## Problem description
For the material below, reproduce exactly each line from the one that has "65 | AMARIN TVHD34" through the one that has "God of War HD", and no others; pictures stay out.
(Information)
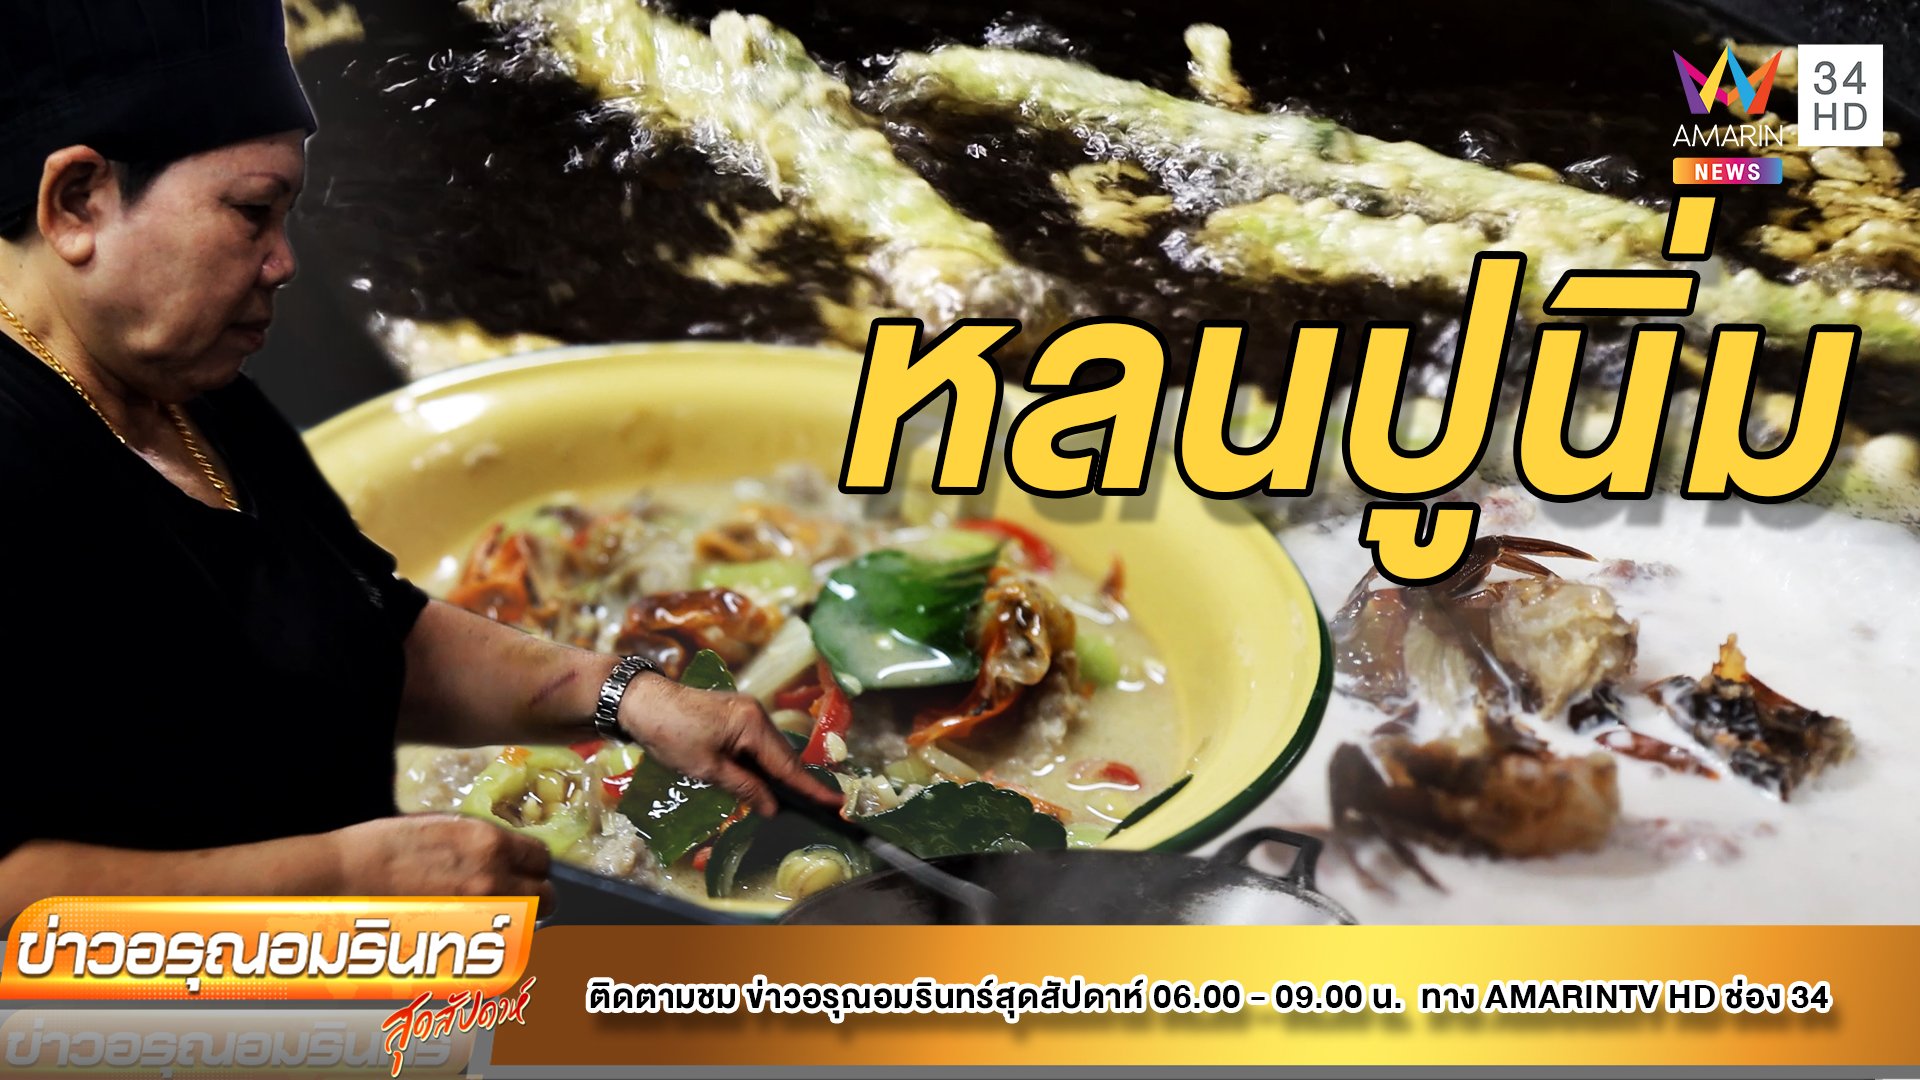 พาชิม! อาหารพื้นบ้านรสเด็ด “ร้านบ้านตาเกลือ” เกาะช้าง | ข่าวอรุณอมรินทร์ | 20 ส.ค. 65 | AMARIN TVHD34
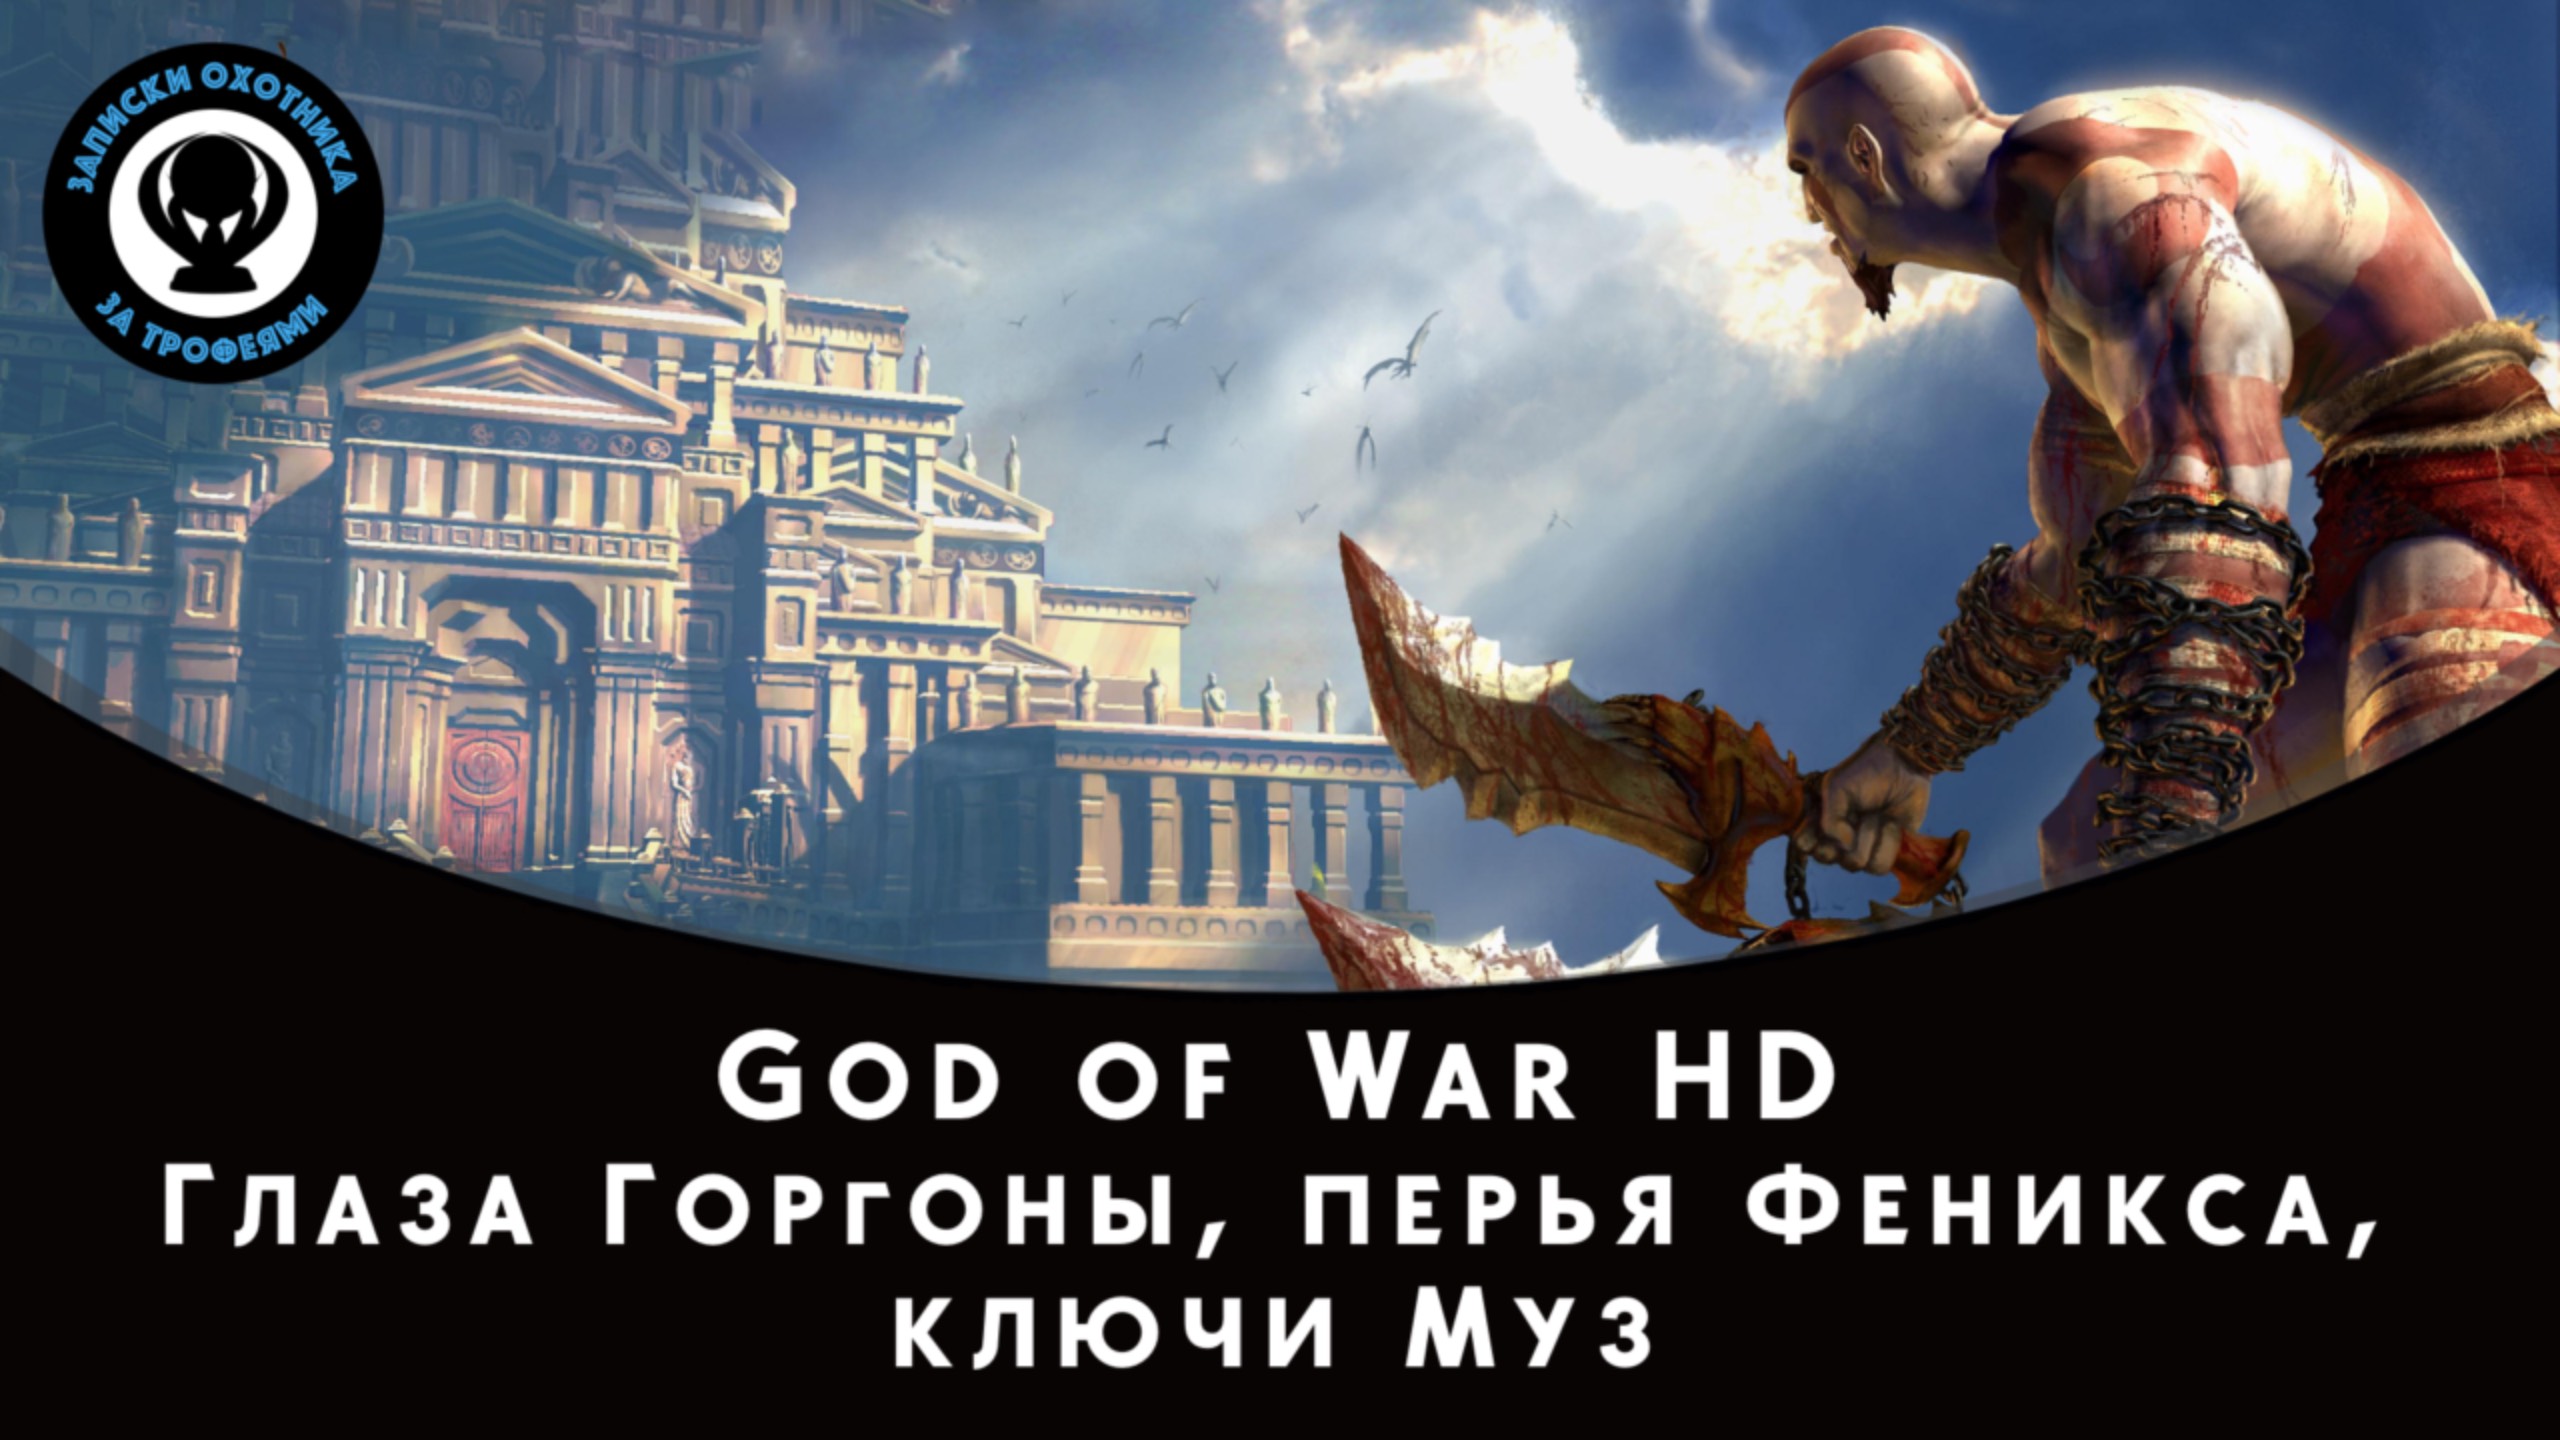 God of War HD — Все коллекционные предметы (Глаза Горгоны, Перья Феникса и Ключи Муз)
(End Information)
(Information)
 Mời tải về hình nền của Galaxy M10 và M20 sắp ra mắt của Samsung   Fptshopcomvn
(End Information)
(Information)
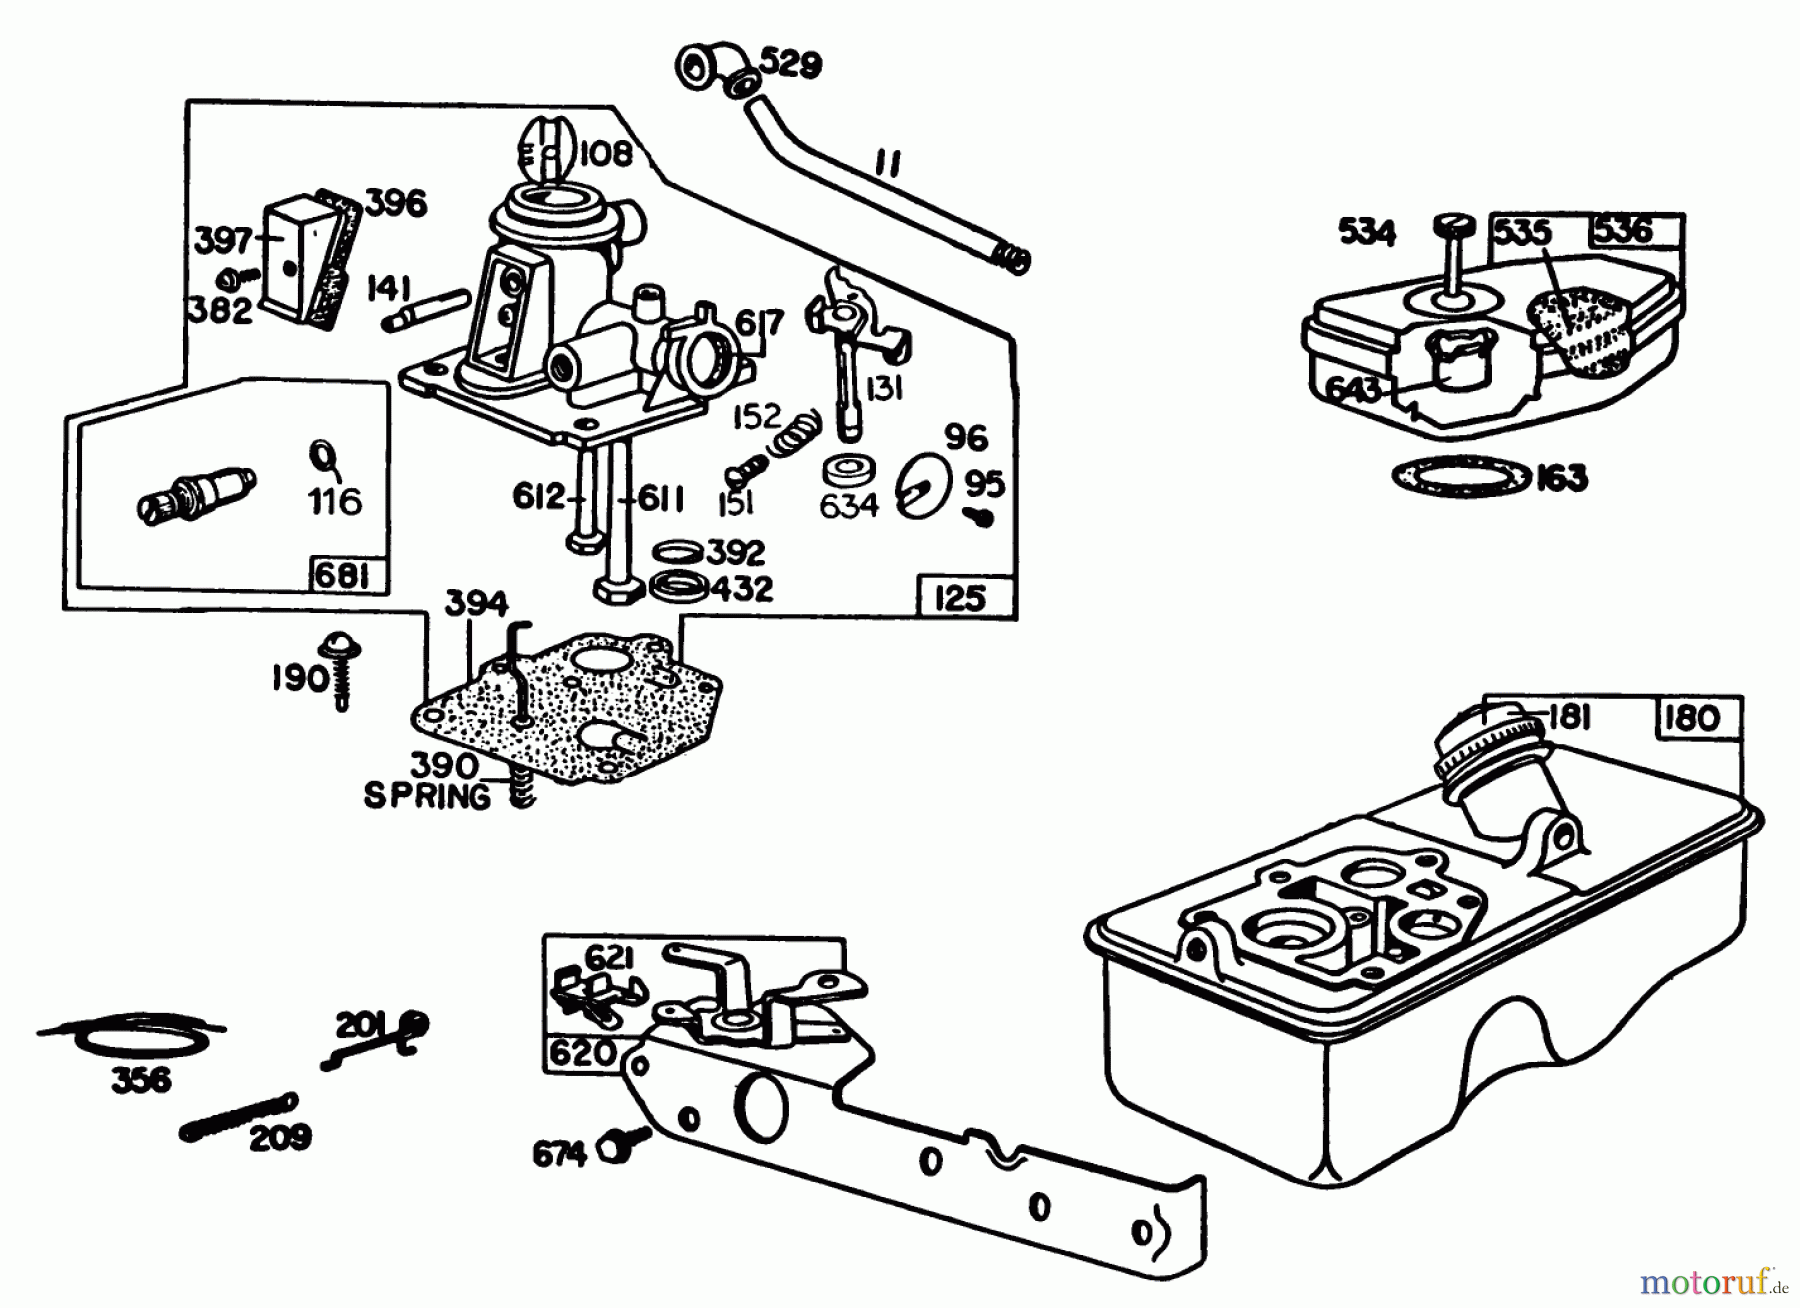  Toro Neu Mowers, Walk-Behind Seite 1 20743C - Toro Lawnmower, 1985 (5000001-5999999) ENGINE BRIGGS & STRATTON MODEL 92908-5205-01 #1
(End Information)
## Answer to the exercise
 พาชิม! อาหารพื้นบ้านรสเด็ด “ร้านบ้านตาเกลือ” เกาะช้าง | ข่าวอรุณอมรินทร์ | 20 ส.ค. 65 | AMARIN TVHD34
 God of War HD — Все коллекционные предметы (Глаза Горгоны, Перья Феникса и Ключи Муз)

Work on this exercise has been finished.